Most "find emails on a website" tutorials reach for a paid API on the second paragraph. You don't need one. Email addresses, phone numbers and social links are sitting in the public HTML of almost every business site. The hard parts are knowing which pages to fetch, parsing the matches without drowning in false positives, and doing it politely enough that you don't get blocked. This post walks through how to build a no-API-key contact scraper, and where the same logic falls apart at scale.

Why you don't need an API key

A "contact enrichment API" is mostly doing three things on your behalf:

  1. Fetching a handful of pages from the target domain.
  2. Running regex/heuristics over the HTML.
  3. De-duplicating and scoring the results.

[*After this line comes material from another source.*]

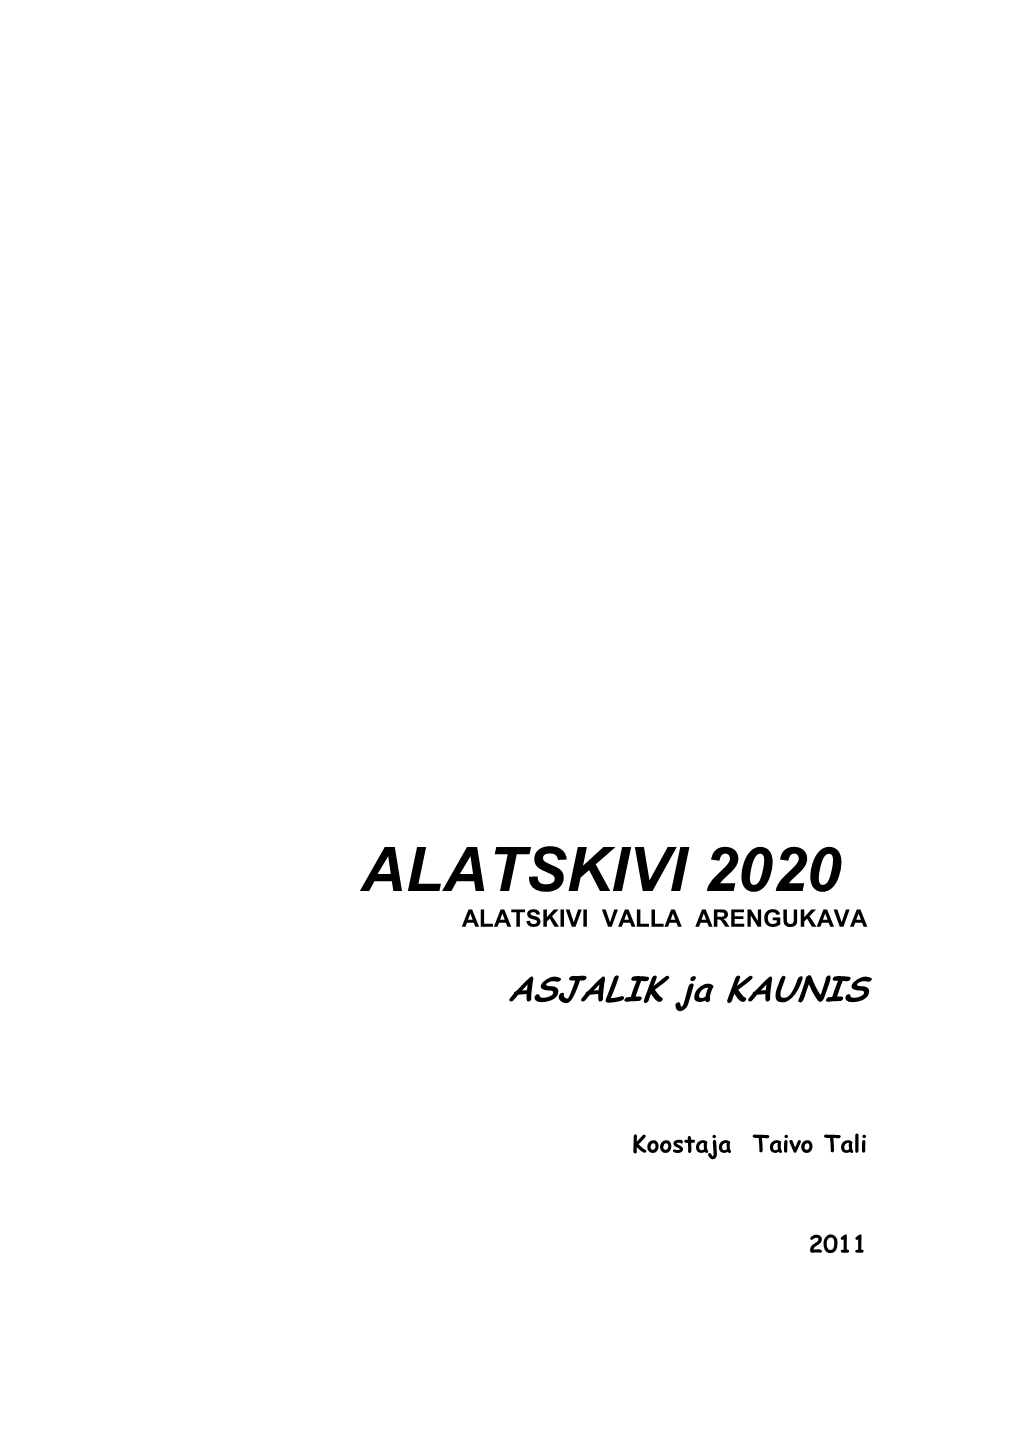 Alatskivi Valla Arengukava 2020
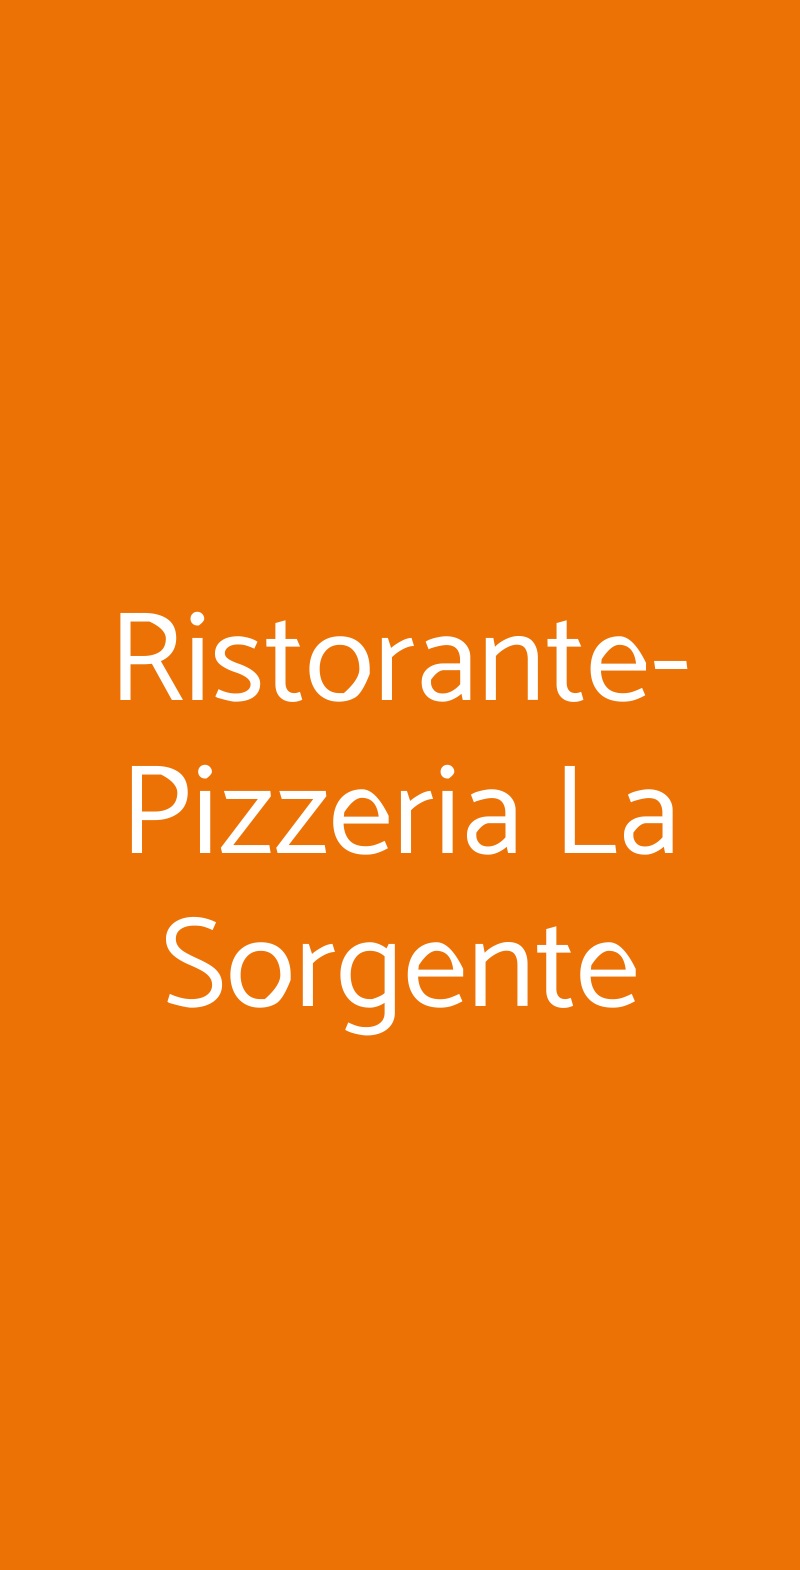 Ristorante-Pizzeria La Sorgente Aglientu menù 1 pagina

All three are things you can do yourself with fetch and a parser. The API's real value is the database it has pre-crawled, plus deliverability verification. For finding the emails a company actually publishes on its own site, you're paying for steps you can run locally.

Step 1: hit the right pages first, not the homepage

The single biggest mistake is scraping only the homepage. Companies almost never put their real contact email on /. They put it on /contact, /about, /team, /imprint, /support, or a footer that links to those.

So the crawl order matters more than the crawl depth. A good heuristic: fetch the homepage, extract internal links, then prioritize any link whose URL or anchor text matches a contact-intent pattern.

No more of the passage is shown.